:: Exercise objective ::
Your answer must be a word-for-word copy of the listing below, minus its pictures.
(Beginning of Exercise data)
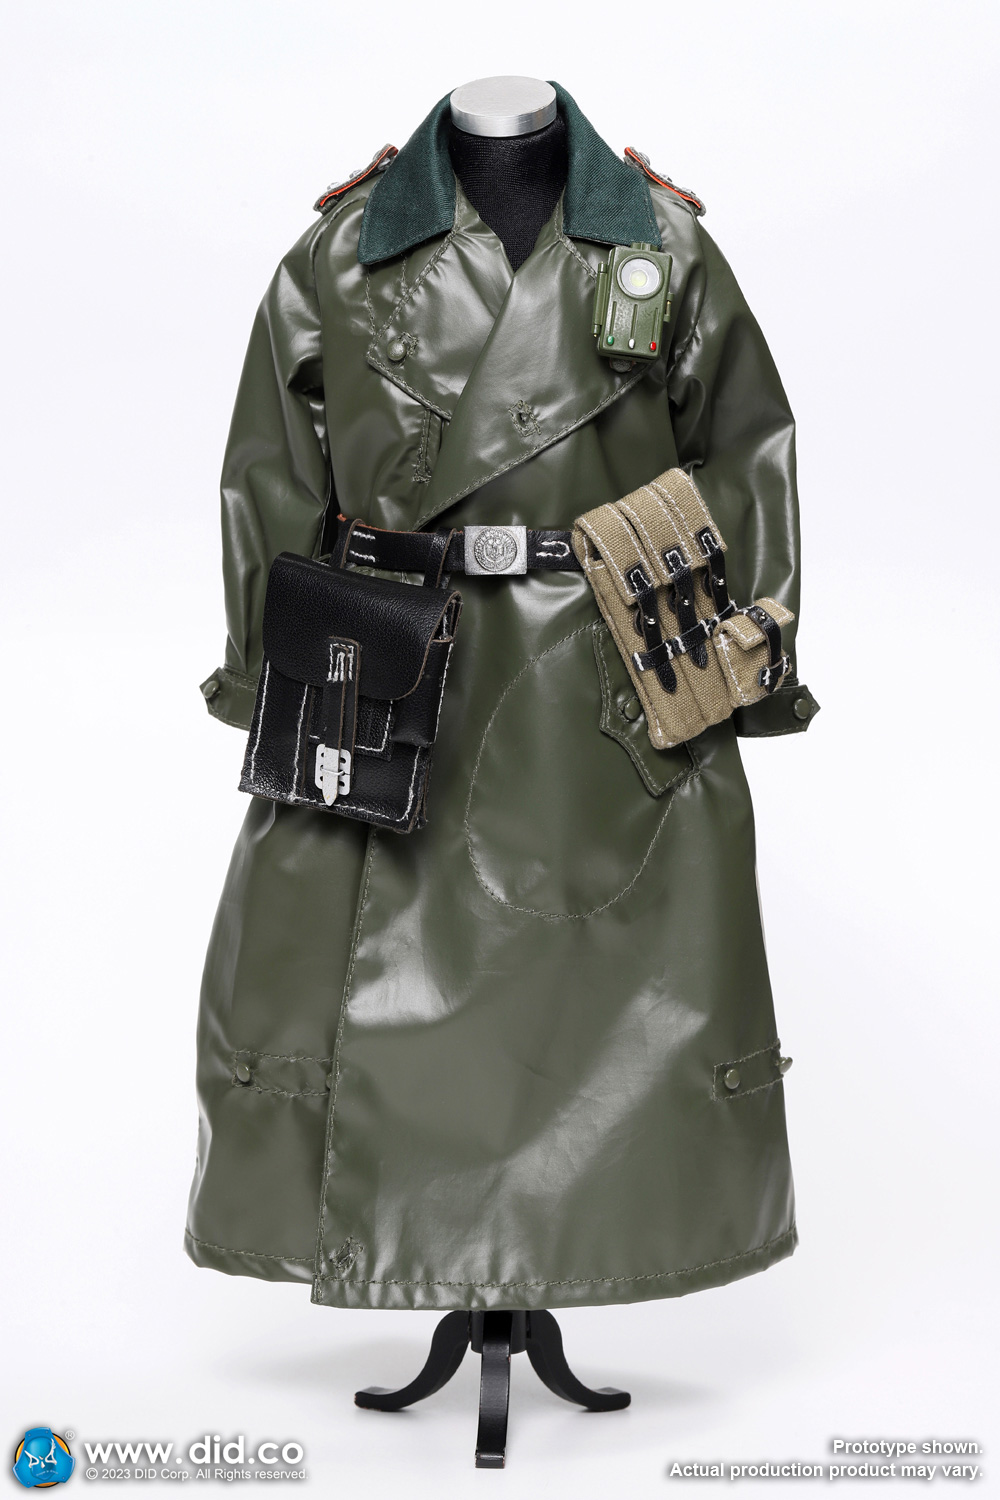 MilitaryPoliceman - NEW PRODUCT: DiD: D80166 WWII German Military Policeman – Richard 1/6 scale action figure 4412
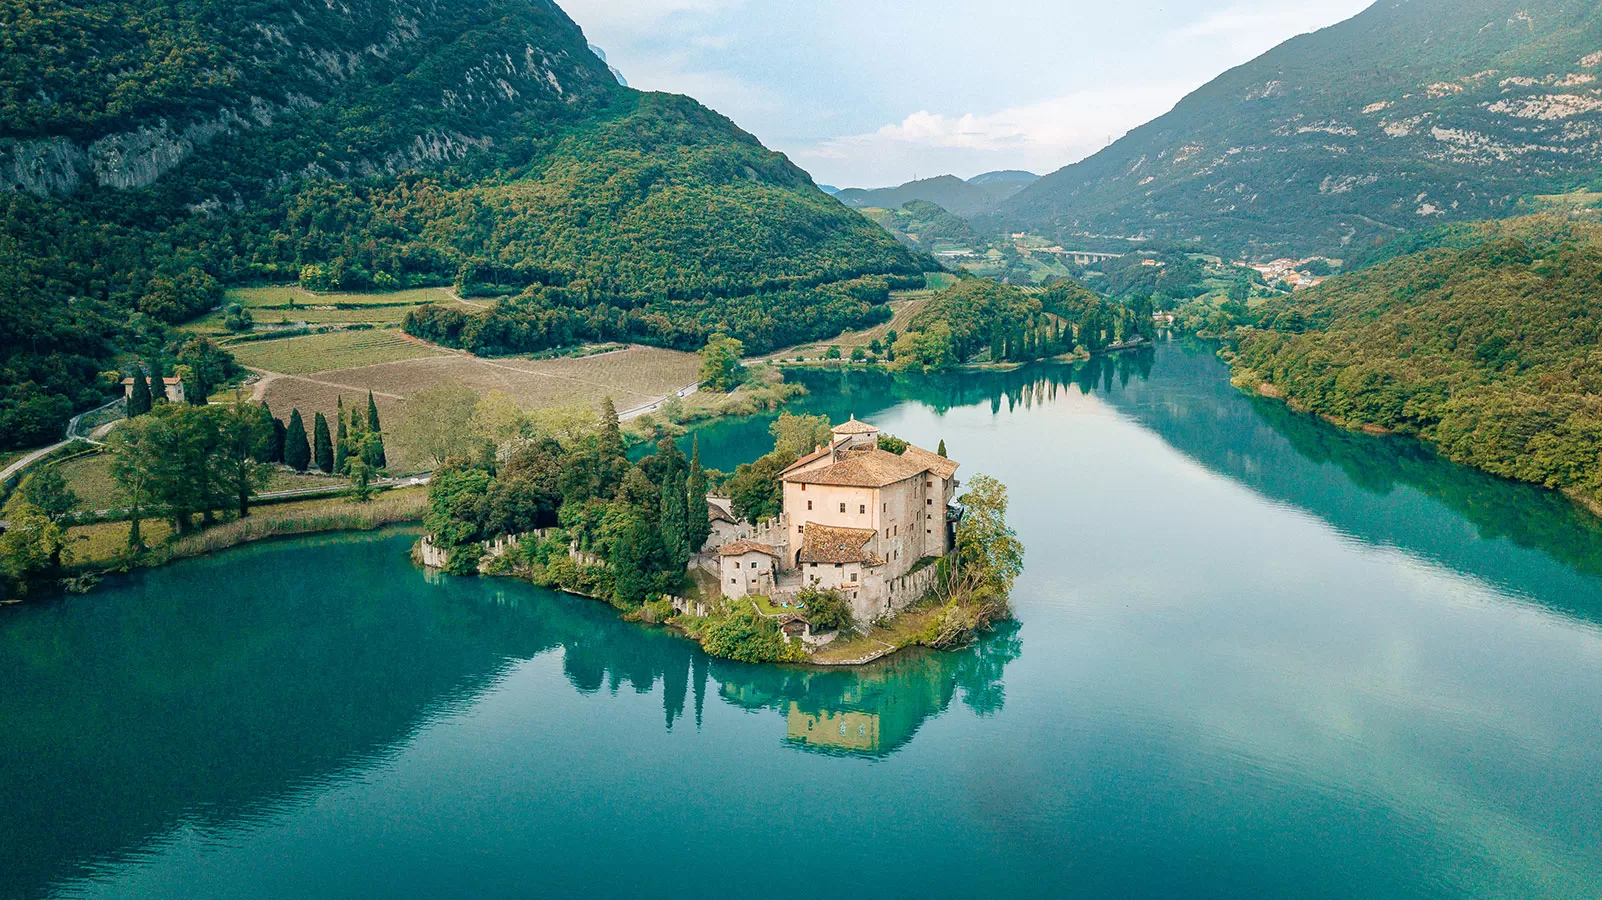 Best Time to Visit Italy - Summer weather in the mountains and lakes is milder
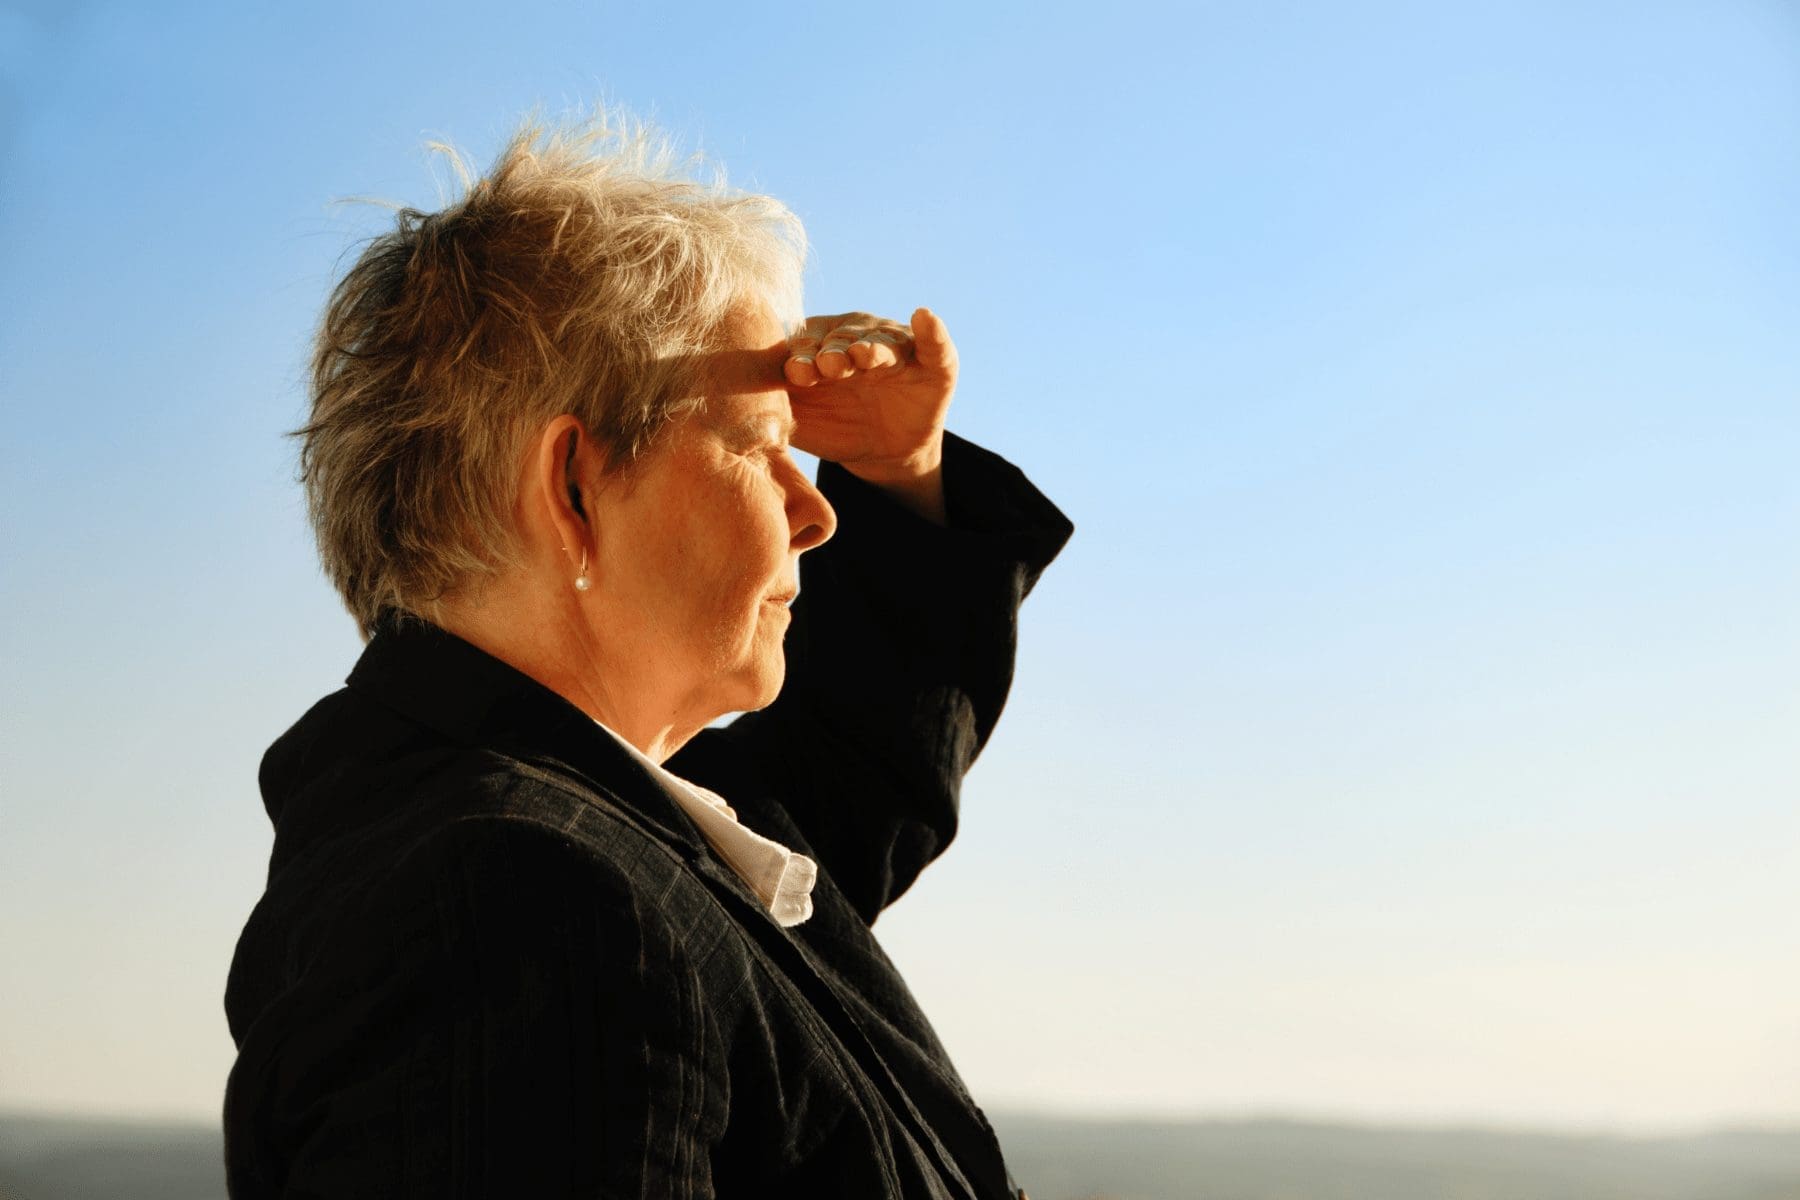 woman covering her eyes from sun, looking out at landscape illustrating commercial property insurance market outlook
(End of Exercise data)
:: Your solution ::
 MilitaryPoliceman - NEW PRODUCT: DiD: D80166 WWII German Military Policeman – Richard 1/6 scale action figure 4412
 Best Time to Visit Italy - Summer weather in the mountains and lakes is milder
 woman covering her eyes from sun, looking out at landscape illustrating commercial property insurance market outlook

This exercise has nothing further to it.